以下のやり方を知りたい場合は、各章を参照すること。

□ 対話型Pythonシェルを使う(python と入力して起動、exit() で終了) 5章
□ .pyファイルを作ってコマンドプロンプトから実行する 6章
□ AIエディタ(Windsurf)でPythonを使う 7章
管理者権限コマンドプロンプトでpipを実行する 8章

【概要】本資料は、Windows環境でPythonプログラミングを始めるための入門教材である。テキストエディタ、AIエディタ、コマンドプロンプト、ディレクトリ、.pyファイル、Pythonプログラムの実行、pip、ファイル入出力の8つの概念を体系的に解説する。加えて、環境の選択、Pythonのインストール、標準入出力を扱うプログラムの作成、よくあるエラーへの対処法までを扱う。説明にはWindowsのコマンドプロンプトを使うが、8つの概念はVisual Studio Code、Windsurf、Google Colabなど他の開発環境でも共通して必要になる。各環境での操作方法は該当する章で説明する。

【本資料で扱う8つの概念】

前半(1〜9章)では、4つの基本タスクを通じて概念①〜⑦を扱う。後半(10章以降)では概念⑧を扱う。

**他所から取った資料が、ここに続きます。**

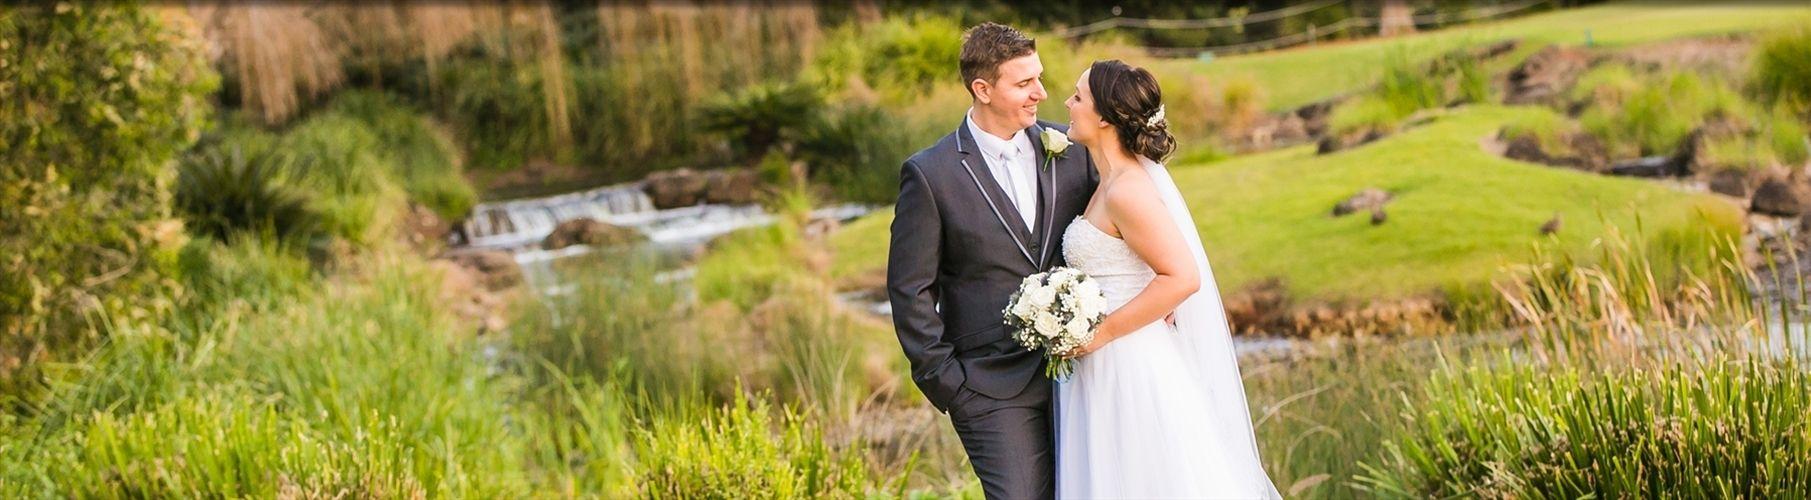 Wedding Venue - Lakelands Golf Club 23 on Veilability

  1. テキストエディタ(メモ帳):プログラムはテキストファイルであり、「メモ帳」などのテキストエディタで確認・編集できる。
  2. AIエディタ:AIエディタは、AIによるコード生成・エラー解説などの支援機能を備えたエディタである。シンタックスハイライト(構文の色分け)、自動補完、実行ボタンによるコード実行、変数値の確認、画像や図の表示など、メモ帳にはない機能も備える。
  3. コマンドプロンプト:文字の命令でパソコンを操作するツール。Pythonの実行やライブラリの追加に使う。
  4. ディレクトリ・カレントディレクトリ・パス:パソコン内のディレクトリ構造。現在の作業ディレクトリ(カレントディレクトリ)を把握していないと、ファイルの保存先や実行対象を正しく指定できない。ファイルやディレクトリの場所を文字列で表したものをパスと呼ぶ。
  5. .pyファイル:Pythonプログラムの保存形式。拡張子を.pyにして保存する。メモ帳で保存する場合、ファイルの種類を「すべてのファイル」にしないと.txtが付く点に注意。
  6. Pythonプログラムの実行:コマンドプロンプトでpython ファイル名.pyと入力する方法、エディタの実行ボタンを使う方法、ノートブックでコードセルを実行する方法がある。エラーがある場合、エラーメッセージが表示される。
  7. pip(パッケージ管理):Python本体にない機能(画像処理、データ分析などのライブラリ)を追加するためのツール。pip install ライブラリ名で導入できる。
  8. ファイル入出力とダウンロード保存:プログラムからファイルを読み書き、新規ファイルの作成、ファイルのダウンロードが可能である。

【目次】

前半:最初に習得すべき内容

  1. はじめに
  2. 全体像:概念の依存関係
  3. どの環境で始めるか選ぶ
  4. 開発環境の準備
  5. 対話型シェルでPythonを試す
  6. .pyファイルを作ってコマンドプロンプトから実行する
  7. AIエディタ(Windsurf)でPythonを使う
  8. pipでライブラリを追加する
  9. 操作チェックリスト(前半のまとめ)

後半:前半の知識を前提とする内容

  1. ファイル入出力とダウンロード保存
  2. キーボード入力のプログラム
  3. よくあるエラーとその対処法
  4. 次のステップ

― 前半:最初に習得すべき内容 ―

1. はじめに

この資料では、PythonのプログラムをWindowsで作成し、動かす方法を学ぶ。具体的には、以下の内容を扱う。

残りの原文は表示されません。